◆ Data extract
○ ○ ○ ○ ○ ○ ○

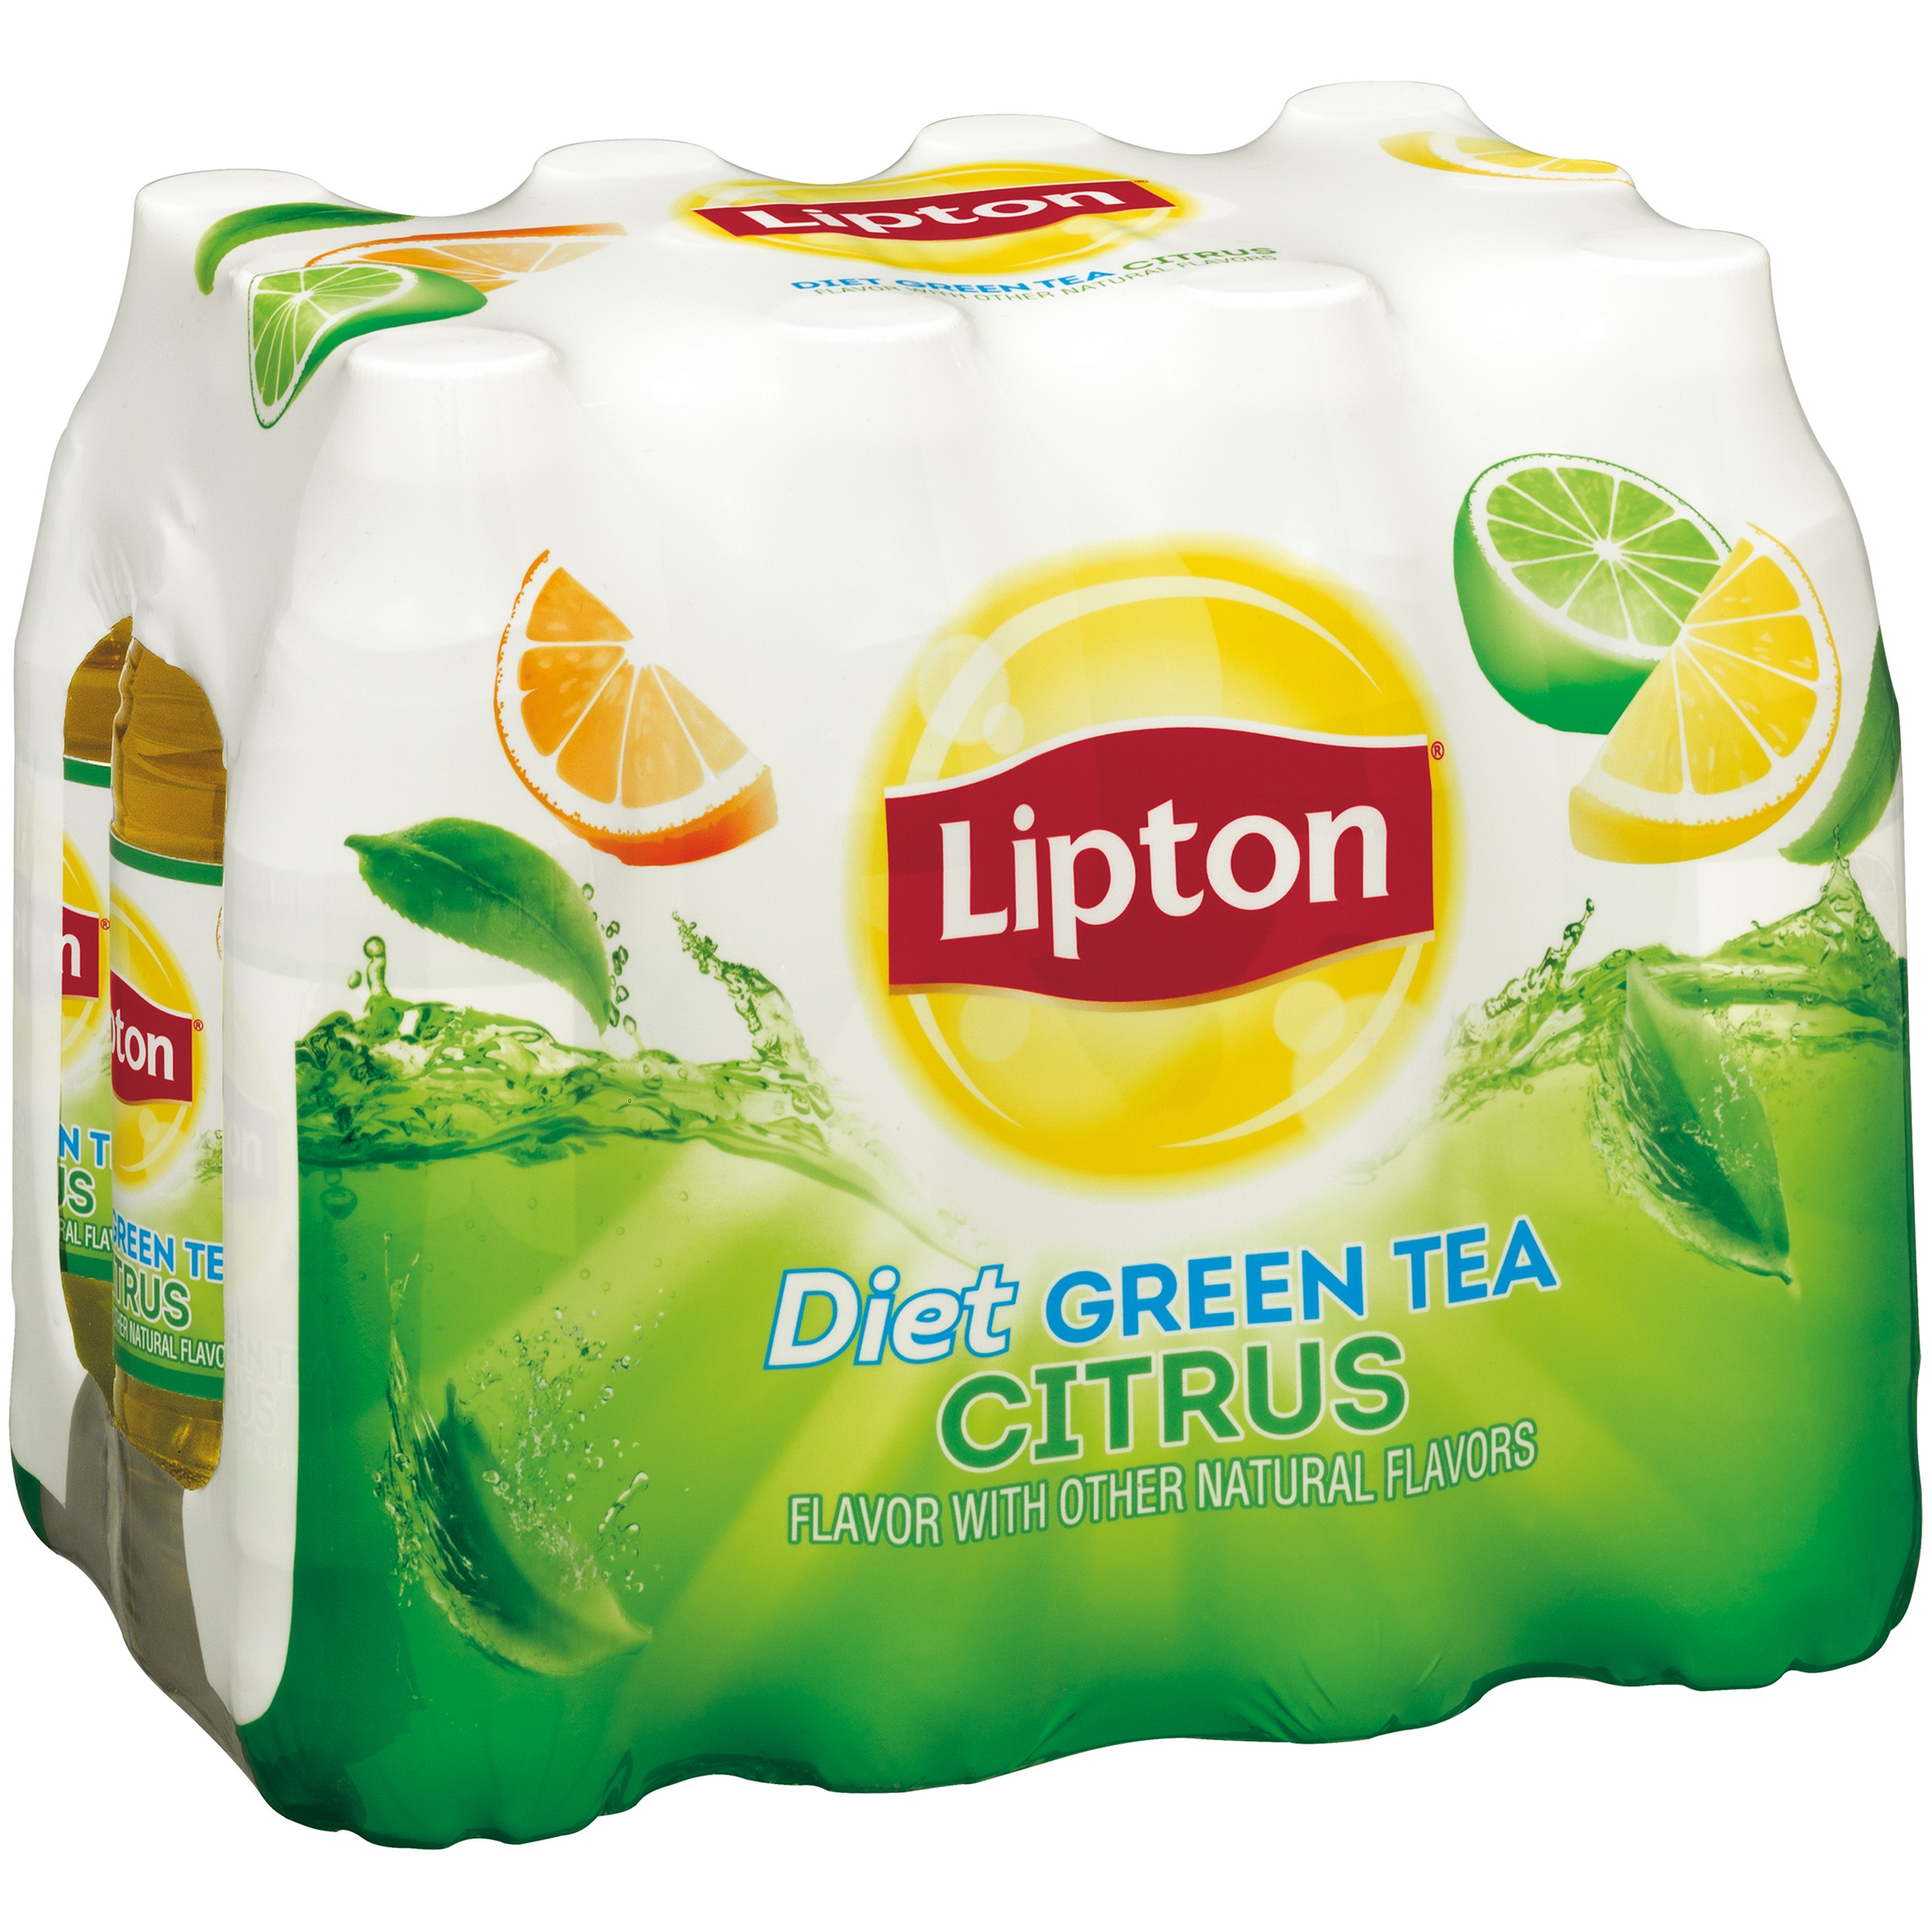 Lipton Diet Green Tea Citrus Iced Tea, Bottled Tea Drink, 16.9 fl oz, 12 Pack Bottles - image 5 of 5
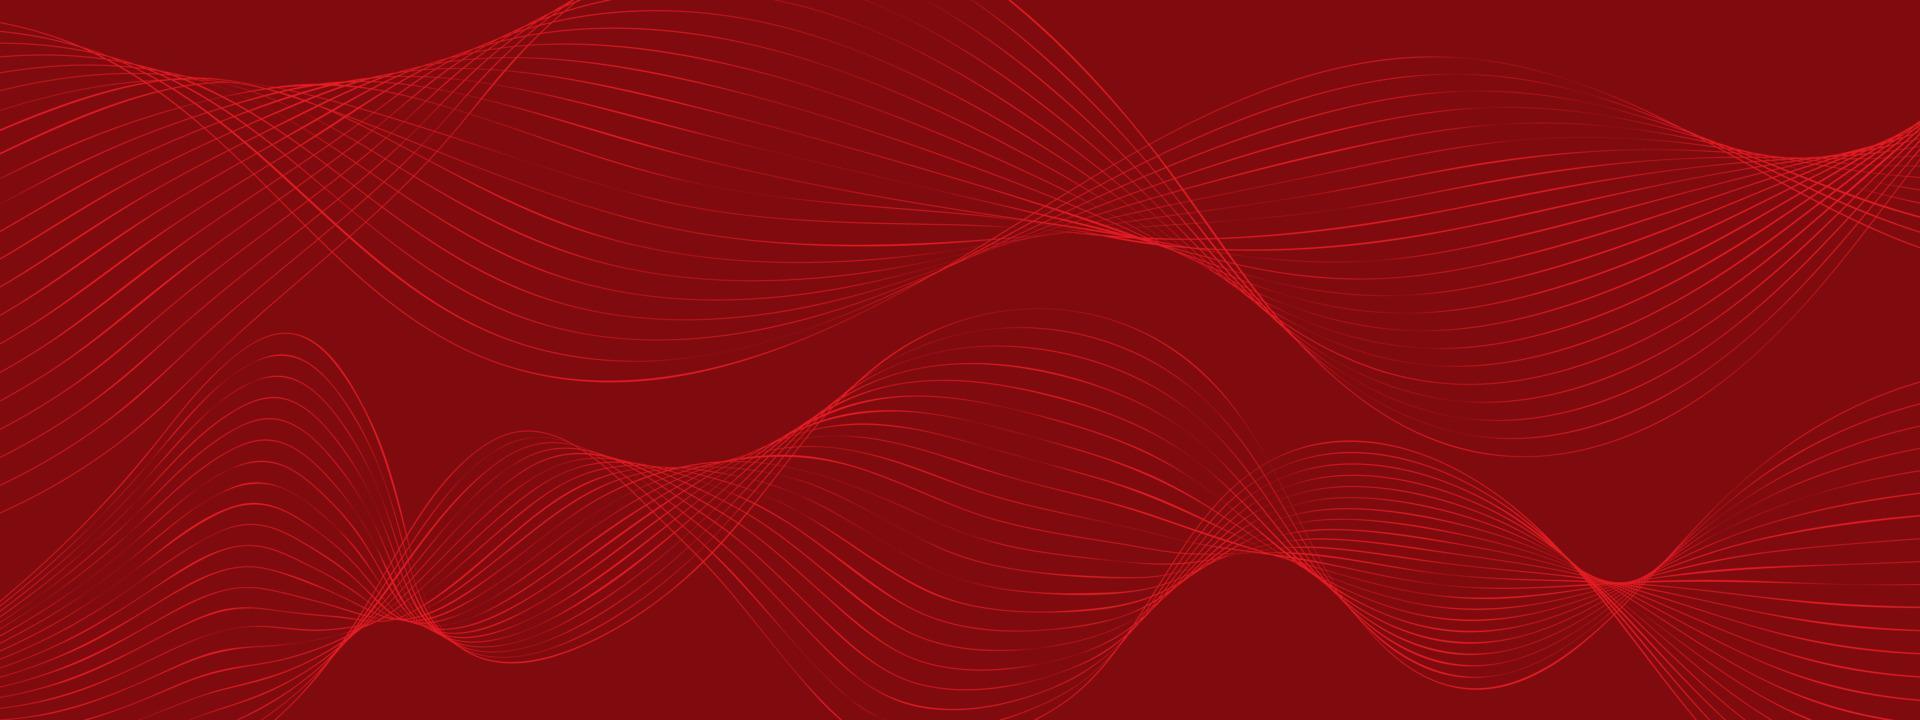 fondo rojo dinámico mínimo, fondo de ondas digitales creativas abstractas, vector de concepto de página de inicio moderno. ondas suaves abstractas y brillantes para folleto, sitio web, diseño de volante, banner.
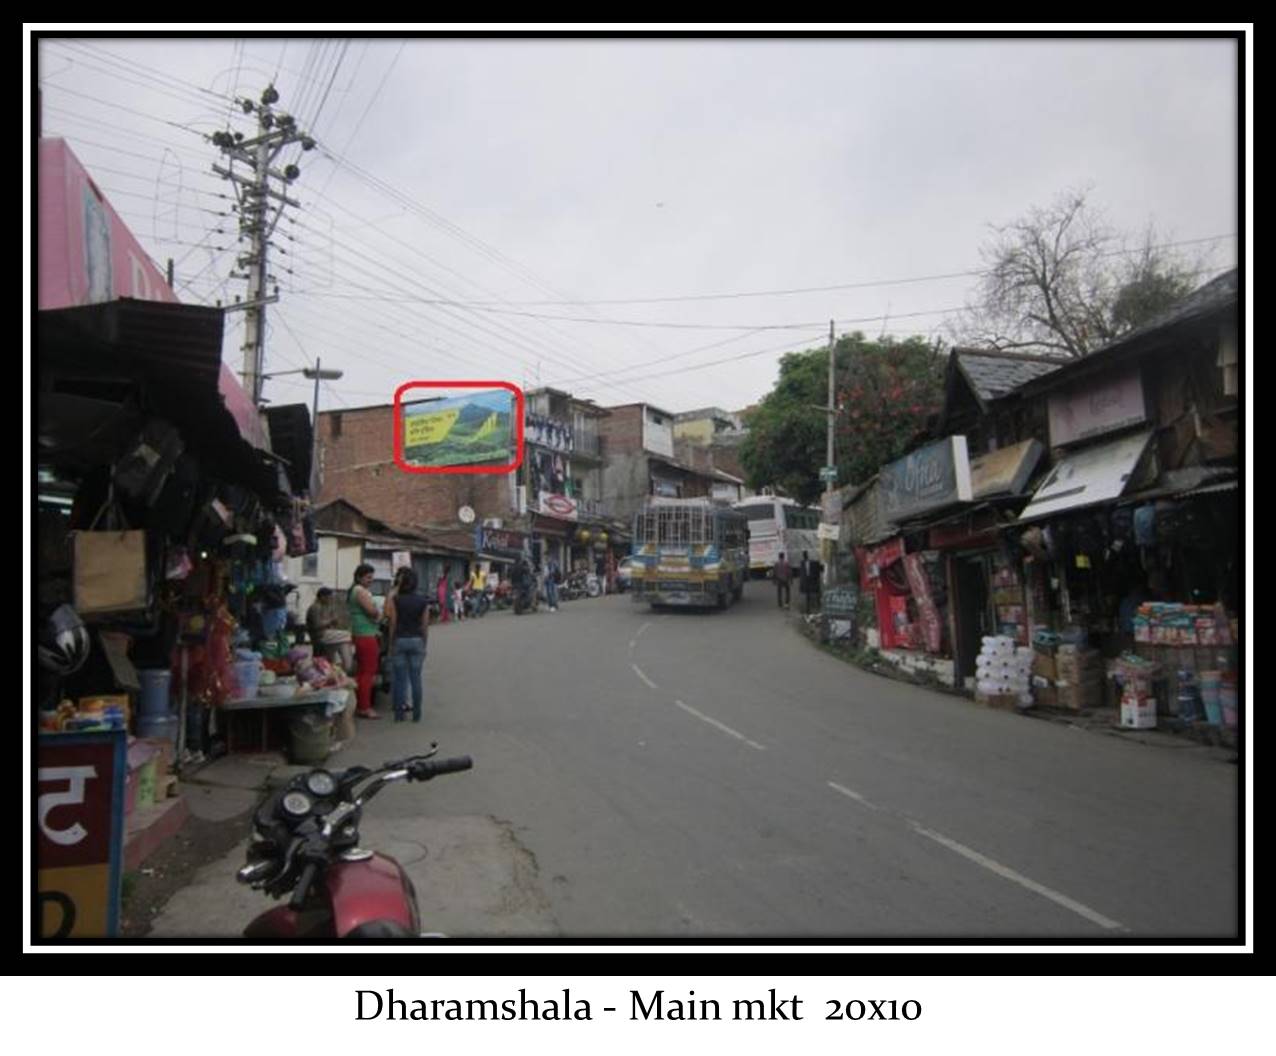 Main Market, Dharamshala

○ ○ ○ ○ ○ ○ ○

◆ Work to complete
In your copy, restate the data above word for word but leave out any picture.

◆ Result for this exercise
 Lipton Diet Green Tea Citrus Iced Tea, Bottled Tea Drink, 16.9 fl oz, 12 Pack Bottles - image 5 of 5
 fondo rojo dinámico mínimo, fondo de ondas digitales creativas abstractas, vector de concepto de página de inicio moderno. ondas suaves abstractas y brillantes para folleto, sitio web, diseño de volante, banner.
 Main Market, Dharamshala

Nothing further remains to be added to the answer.